Lorenzo suspiró con fuerza. Sentía de repente una extraña calma, la certeza casi absoluta de que todo saldría bien. Su mujer sabría cumplir su parte del plan. Abrió la puerta, y a pesar de que sabía a quién iba a encontrarse en el quicio, no pudo evitar dar un paso atrás con el rostro compungido.

Ramoneda avanzó ese espacio que Lorenzo le cedía, como un peón de ajedrez que va directo a comerse al oponente. Hizo una exploración perimetral de la casa y su mirada se detuvo en la colilla humeante del cenicero. Sabía que Lorenzo no fumaba.

—¿Quién más hay en la casa? —preguntó sin necesidad de disimular sus intenciones. Todos eran adultos en aquel juego, no había por qué mantener conversaciones banales y perder el tiempo con fingimientos.

Lorenzo se mantuvo firme en el centro del salón. Evitó el reflejo de desviar la mirada hacia el baño, que quedaba justo a la espalda de Ramoneda.

—Mi mujer ha estado aquí hace un minuto. Es posible que os hayáis cruzado en el ascensor. Le he dicho que se vaya. No quiero que vea esto.

Ver esto. Qué curiosa manera de definir la propia muerte, pensó Ramoneda, convencido de que lo que Lorenzo decía era cierto. No titubeaba y estaba curiosamente tranquilo.

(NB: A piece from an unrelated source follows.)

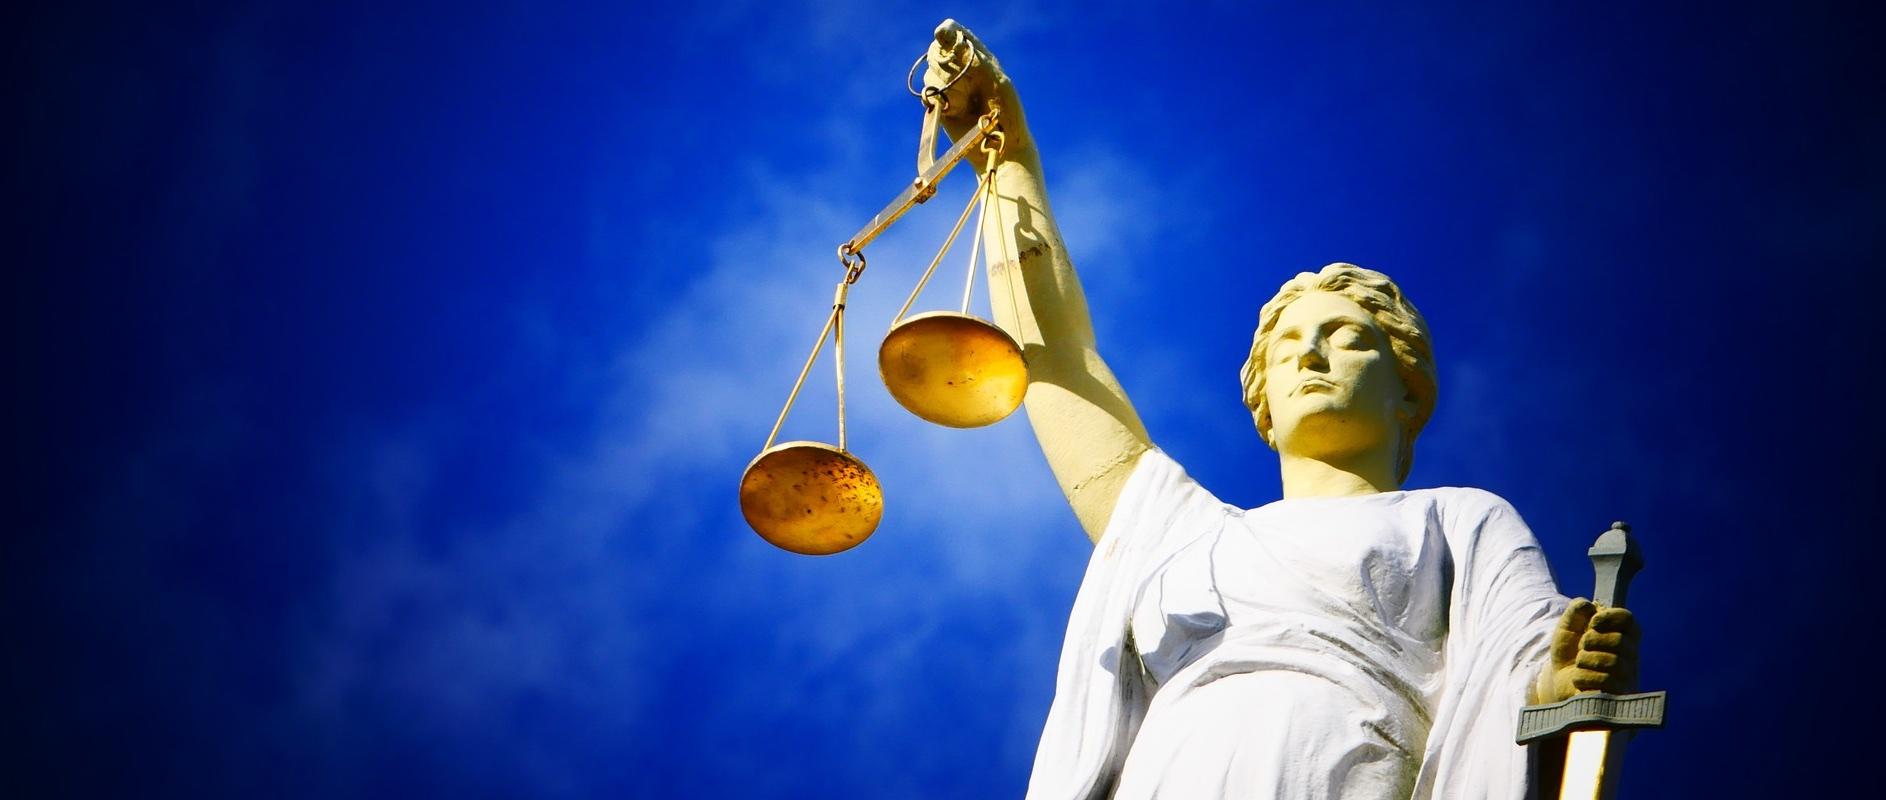 Justizia -

—María ha ayudado a César a escaparse del hospital —dijo.

Lorenzo no trató de demostrar sorpresa o fingir que no lo sabía. Se había enterado apenas pasadas unas horas de la fuga. Hubiera preferido que María siguiera su consejo y que huyese. Pero en el fondo la admiró por su estúpido empeño en salvar a aquel inspector y a su hija.

Ramoneda pasó la mano sobre la mesa de mármol pulido del salón, admirando la calidad de los muebles, la perfección de los cuadros colgados simétricamente en las paredes, el olor de lavanda del ambientador, la pulcritud del suelo de porcelanato que reflejaba la superficie como un mar quieto. Pronto él también podría descansar en un lugar semejante. Sintió la tentación de preguntarle a Lorenzo cómo se hacía eso de ser rico, en qué consistía ser una persona respetable y con buen gusto. Pero lo que hizo fue preguntarle dónde se ocultaba María con el inspector Alcalá. No le sorprendió que Lorenzo dijese no saberlo. Posiblemente era cierto. No importaba. No era el objeto de su visita.

Sacó del cinturón su pistola semiautomática. Era un arma preciosa, una Walter de 9 mm que se ajustaba a su mano como un guante. Se sentía bien, completo, al empuñarla. Le supo mal tener que manchar las bonitas cortinas de lino y el suelo impoluto. Era una imagen sucia en aquel orden tan perfecto.

En aquel momento sonó un disparo. Ambos hombres se miraron sorprendidos. Lorenzo se tambaleó y cayó hacia la derecha sobre la mesa. Un reguero lento de sangre empezó a extenderse por el mármol. Ramoneda se tocó la cara. La sangre de Lorenzo le salpicaba. Y sin embargo él no había disparado. Se volvió hacia atrás y descubrió a una mujer que empuñaba un arma pero que no le apuntaba a él. Ella observaba como en estado catatónico el cuerpo sin vida de Lorenzo. Dejó caer la pistola al suelo y miró a Ramoneda sin nada en los ojos.

Ramoneda se sintió confuso. Entonces se dio cuenta de los moratones en el cuerpo de la mujer, de su ojo hinchado. Y comprendió lo que había pasado. No había errado el disparo. Aquella mujer había matado a su marido.

No se lo reprochó. Tenía derecho a su venganza. Y a su descanso. Se acercó con lentitud y acarició el rostro inerme de la mujer. Le apuntó a la cabeza y le voló los sesos.